The Fables of Aesop is out now!

What is beauty

Somebody asked me for my thoughts on a concise definition of beauty, so here they are:

First, it’s terribly unfair to ask for a concise definition because the more concise you make it, the more people will understand the words differently.

Second, if you are going to define beauty you have to believe that it actually exists, which means that it is not merely “in the eye of the beholder.”

Third, I do believe that it exists and that it is an essential property of all that is good, just, right, appropriate, etc.

Fourth, that doesn’t make it easier to define.

Fifth, Thomas Aquinas gave a great description of the elements of beauty: wholeness (also translatable as purity, an interesting fact in itself), balance, and radiance (sometimes called clarity, but this confuses the issue – radiance is better).

Beauty therefore is a quality of an object that is most easily perceived when the object is whole/pure, balanced, and radiant.

A word on radiant: for an object to be radiant, there must be something that is “radiated.” That something is the idea being embodied in the object. For example, if you want to see a beautiful painting of a tree, then you must look for a painting in which the idea of a tree is embodied well.

A beautiful tree itself is one that is healthy (whole/pure), balanced (it grows in a proportionate manner, which all trees are created to do so far as I can tell), and radiant (you can see the idea of a tree clearly in this tree because it is a wonderful type of the idea of a tree).

That radiance bit is tough for moderns because we don’t value “ideas” in the Christian classical sense anymore and that is why our culture has experienced an aesthetic meltdown. We think something is beautiful merely because we enjoy looking at it or listening to it.

The entire history and notion of artistic criticism and even moral judgment, however, arise from the notion that there are ideas and that those ideas need to be expressed well (appropriately) for a work of art to be successful.

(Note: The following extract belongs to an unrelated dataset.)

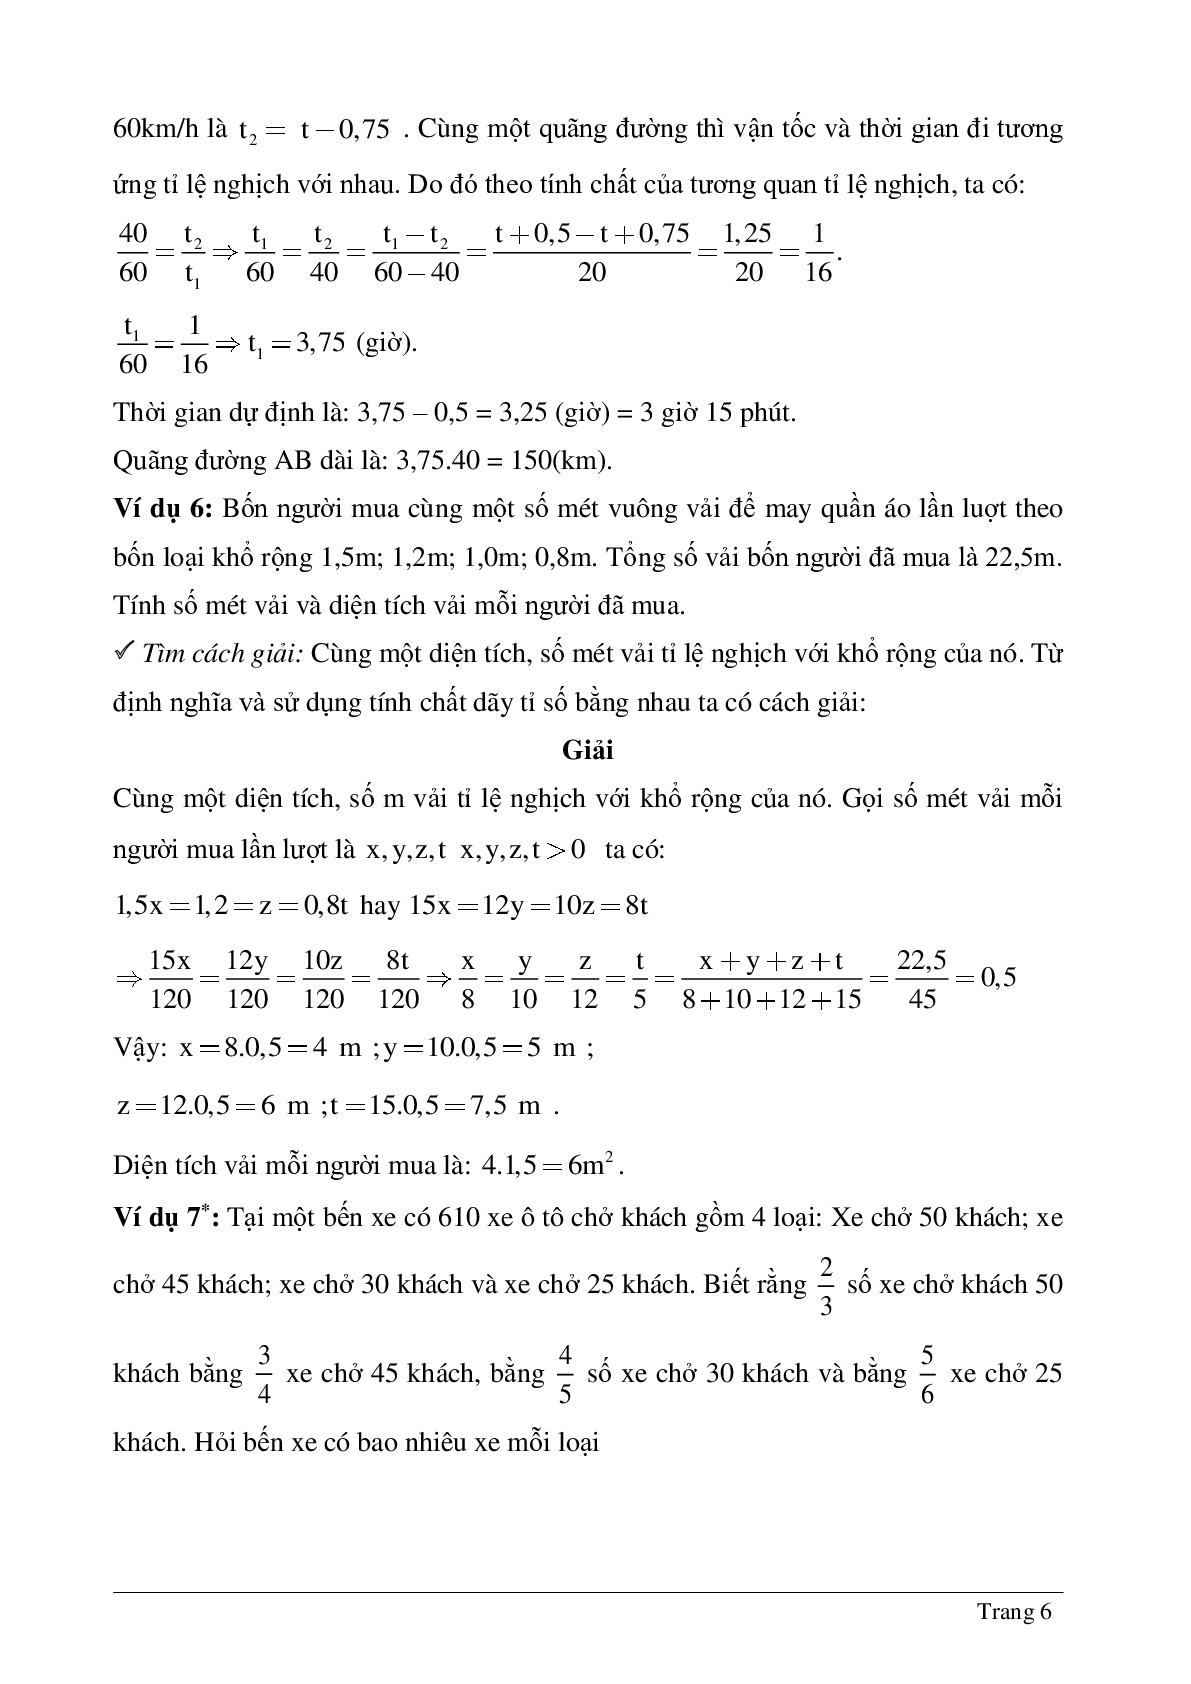 Hệ thống những bài tập thường gặp về Đại lượng tỉ lệ nghịch đại số lớp 7 chia tiết (trang 6)

Art is, in short, not self-expression, but expression of an idea (not a concept in the head, but an idea woven into the fabric of reality).

Beauty, therefore, is one of the most important ideas in existence. And it seems to be, as I said above, a quality in an object that is most easily perceived when the object is whole, balanced, and radiant, and when the observer has “eyes to see.”

One final thought: the Greek word for beauty is Kalos, which can also be translated: the good, the noble, the fitting, etc. Very interesting.